Archipelago Books to Host A CELEBRATION OF YANNIS RITSOS at Poets House, 4/11

A Celebration of Yannis Ritsos with translators Karen Emmerich and Edmund Keeley is set for Thursday, April 11th at 7 p.m. at Poets House, 10 River Terrace, NYC. Subway: A/C, 2/3 at Chambers St. Admission: $10, $7 for students and seniors, free to Poets House members.

Join Archipelago Books and Poets House for a night of poetry celebrating the work of Yannis Ritsos, "the greatest poet of our age" (Louis Aragon). Karen Emmerich and Edmund Keeley will read from their remarkable translation of his Diaries of Exile, followed by a discussion of his work.

Yannis Ritsos (1909 - 1990) Plagued by turberculosis, family misfortunes, and repeated persecution for his Communist views, Ritsos spent many years in sanatoriums, prisons, or in political exile.
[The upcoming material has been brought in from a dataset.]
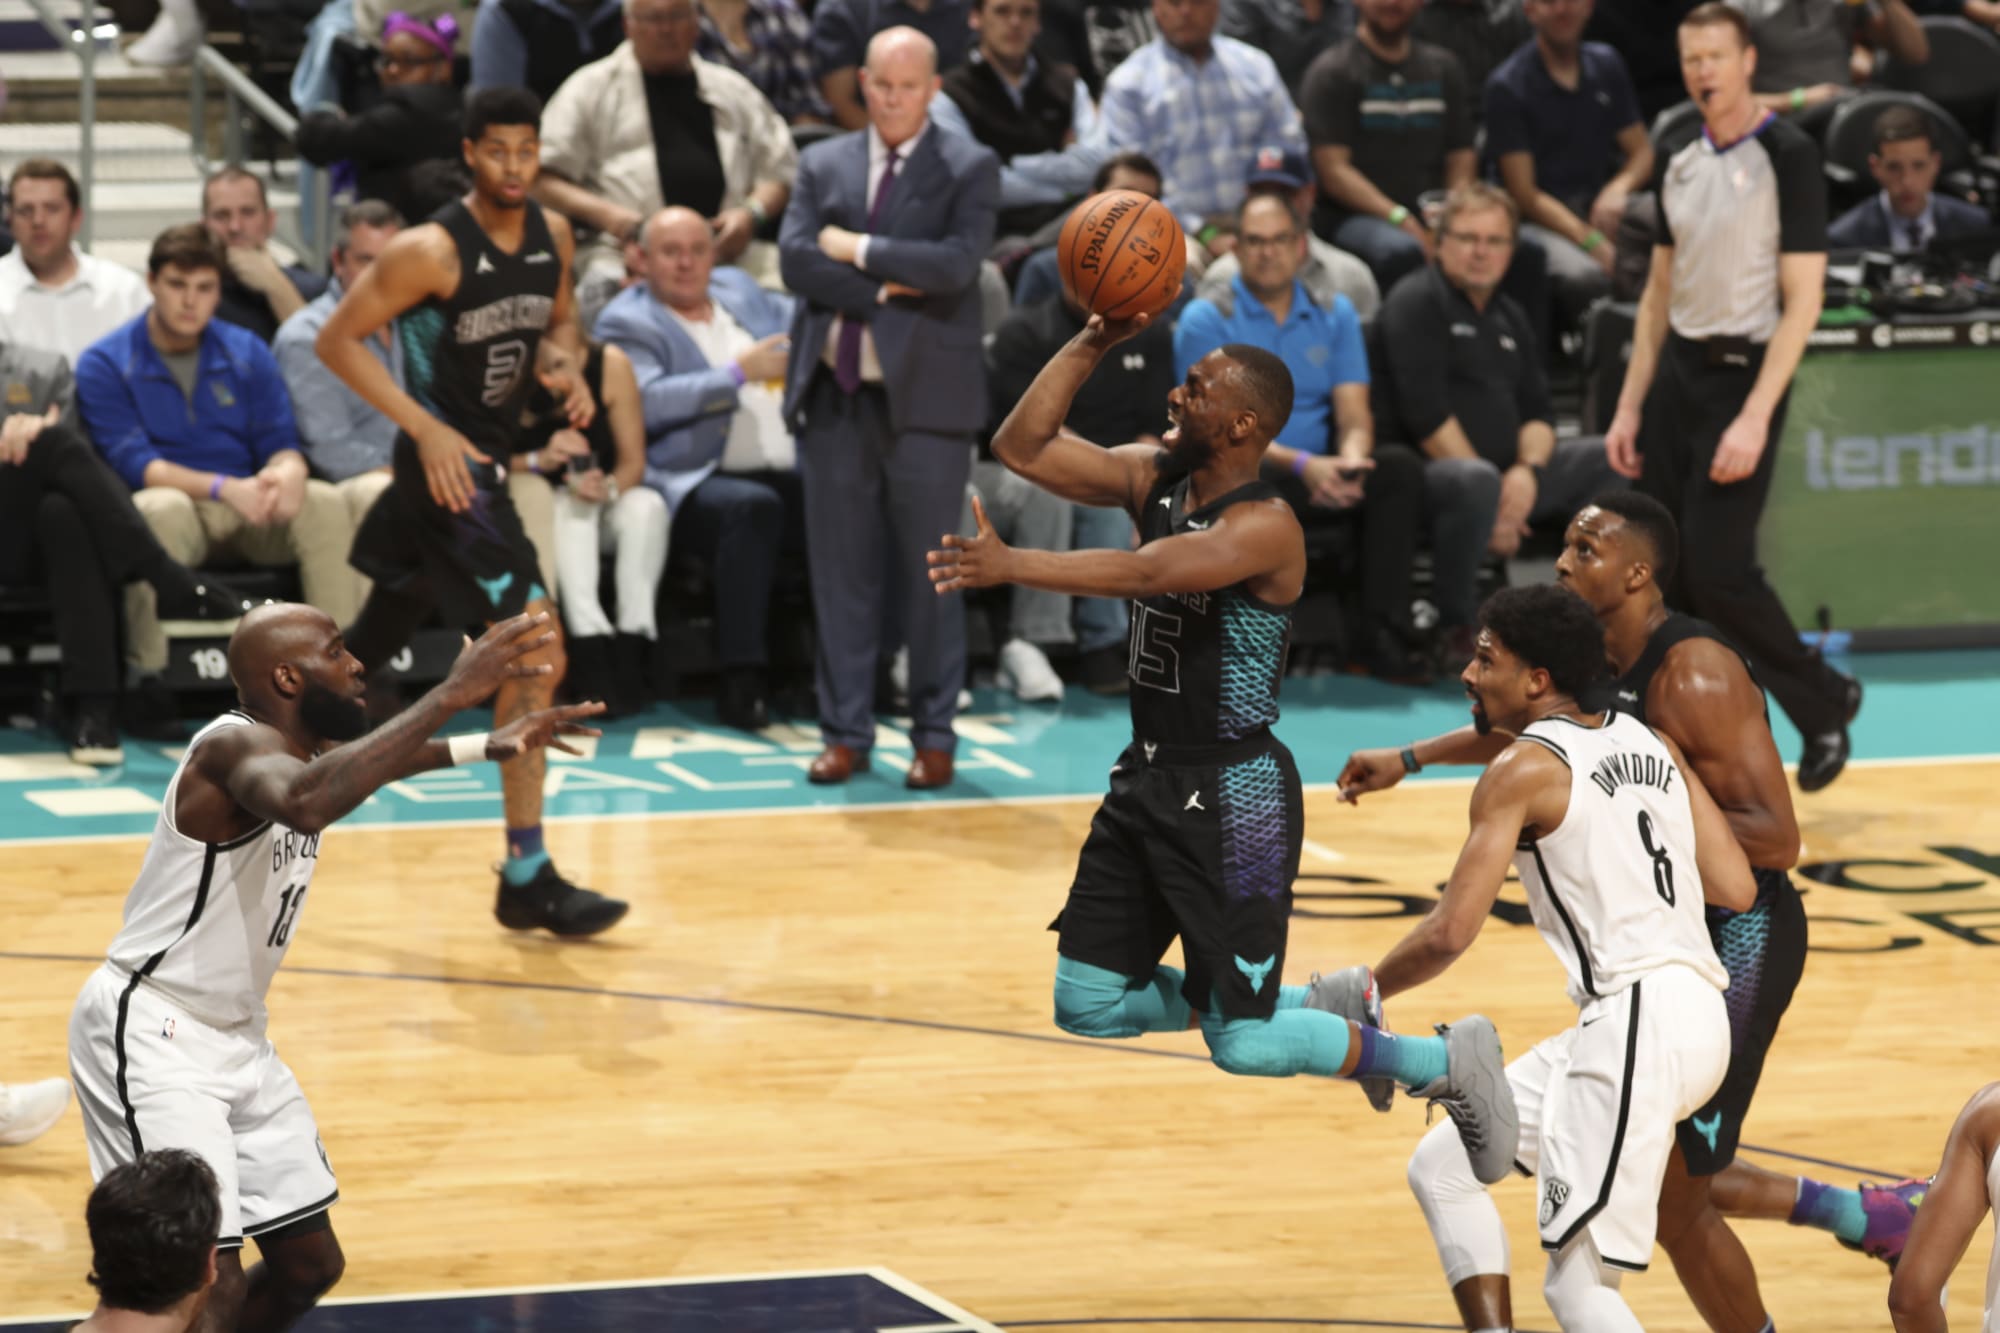 Charlotte eliminated from playoff contention, Kemba Walker's goals

Despite these misfortunes, Ritsos continued writing, eventually achieving a personal, humanitarian medium devoid of anger and recrimination. In 1967, Ritsos was arrested again by the Greek junta and exiled, and was prohibited from publishing until 1972. By the end of his life, and contrary to all odds, Ritsos had published 117 books, including numerous plays and essays.
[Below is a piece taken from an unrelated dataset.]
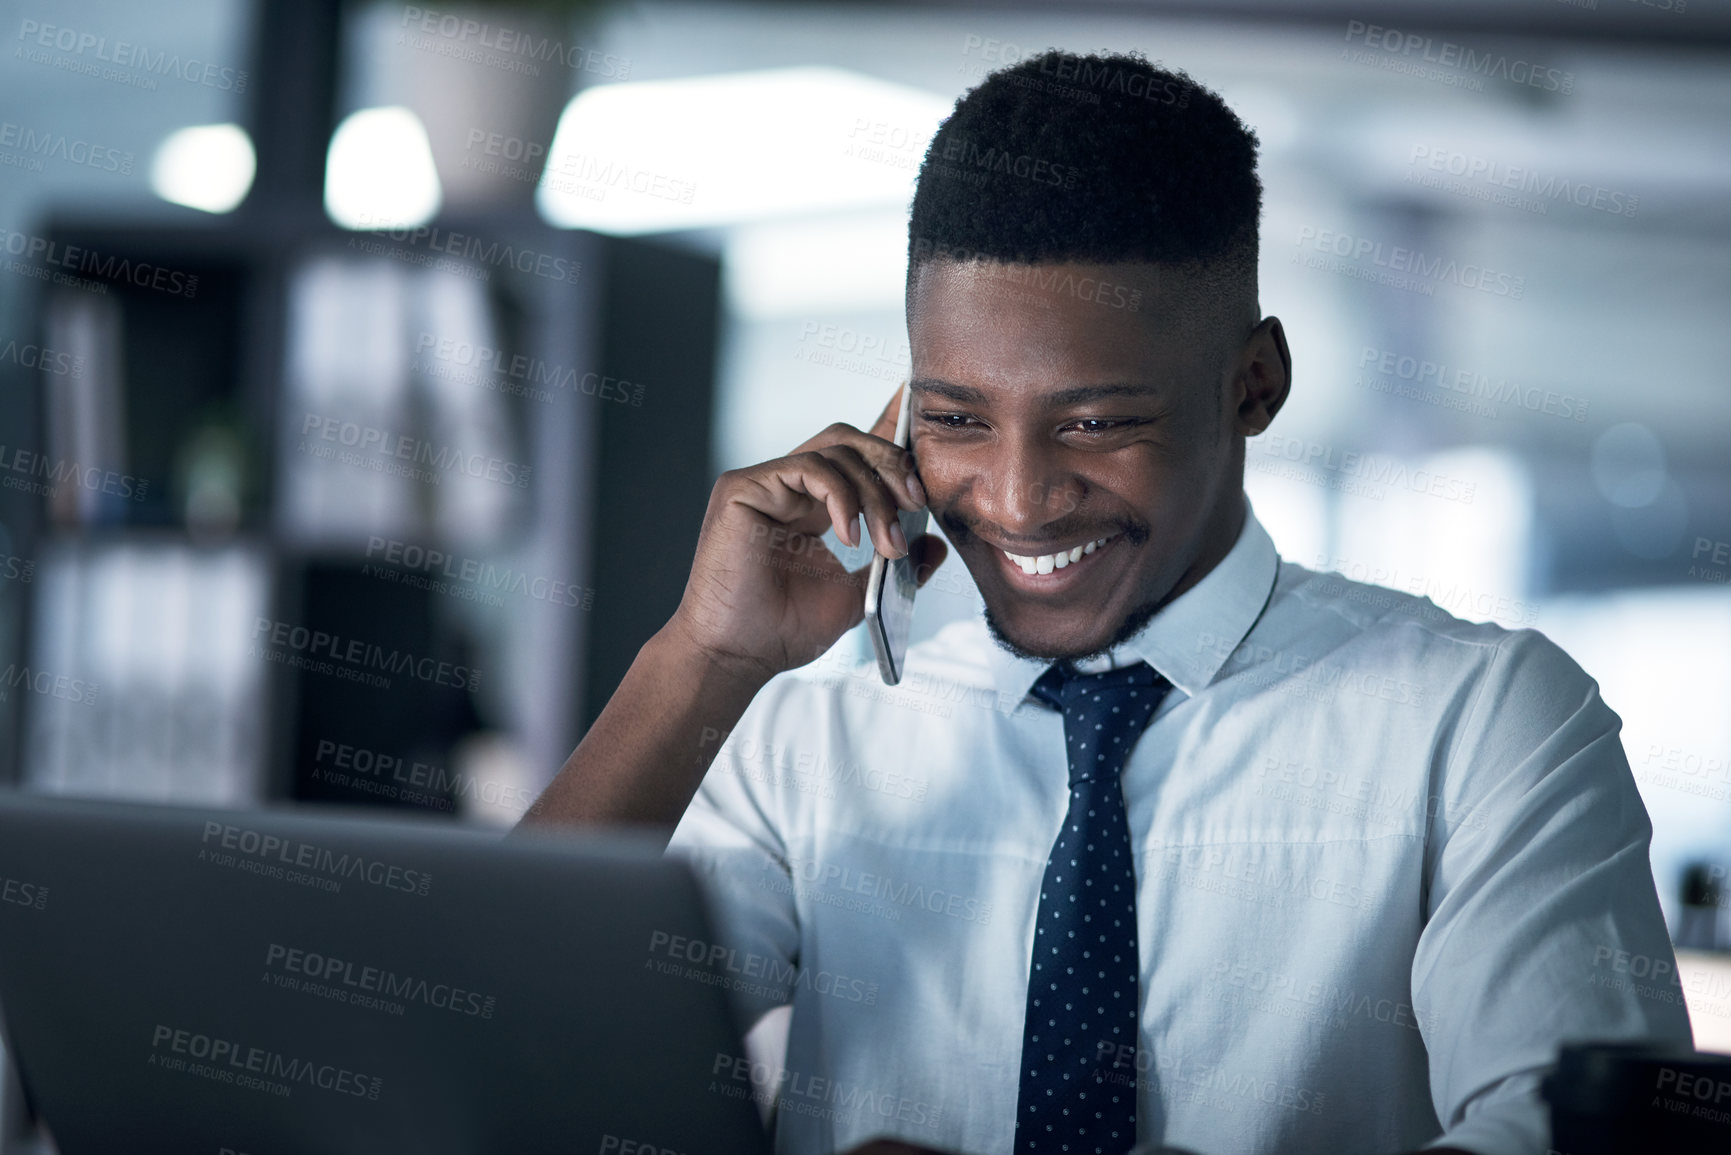 Buy stock photo Shot of a young businessman talking on a cellphone while working on a laptop in an office at night

Karen Emmerich has translated works by Vassilis Vassilikos, Yiorgos Skabardonis, Rhea Galanake, Miltos Sachtouris, and a variety of Greek poets of the twentieth century. Her translation of Sachtouris's Poems (1945-1975) was a 2006 NBCC Poetry Award Finalist and she has received translation grants and awards from PEN and the Modern Greek Studies Association. She teaches at the University of Oregon.

Edmund Keeley is the Charles Barnwell Straut Professor of English Emeritus and the Director Emeritus of the Creative Writing Program at Princeton University. His collaborative translations of the modern Greek poets C.P. Cavafy, George Seferis, Odysseas Elytis, and Yannis Ritsos, have received the PEN / Ralph Manheim Medal for Translation, the Harold Morton Landon Translation Award of the Academy of American Poets, and the First European Prize for the Translation of Poetry.

Called "the greatest poet of our age" by Louis Aragon, Yannis Ritsos is a poet whose writing life is thoroughly entwined with the contemporary history of his homeland. Nowhere is this more apparent than in this volume, a series of diaries-in-poetry Ritsos wrote between 1948 and 1950, during Greece's Civil War, while a political prisoner first on the island of Limnos and then at the infamous camp on the desert island Makronisos. Even in these darkest of times, Ritsos dedicated his days to poetry, trusting in writing and in art as collective endeavors capable of fighting oppression, of bringing people together across distance and time. These poems offer glimpses into the daily routines of prison life, the quiet violence he and his fellow prisoners endure, the ebbs and flows of the prisoners' sense of solidarity, the struggle to maintain humanity through language. This moving volume justifies Ritsos's reputation as one of the most venerated poets in Greece's modern history.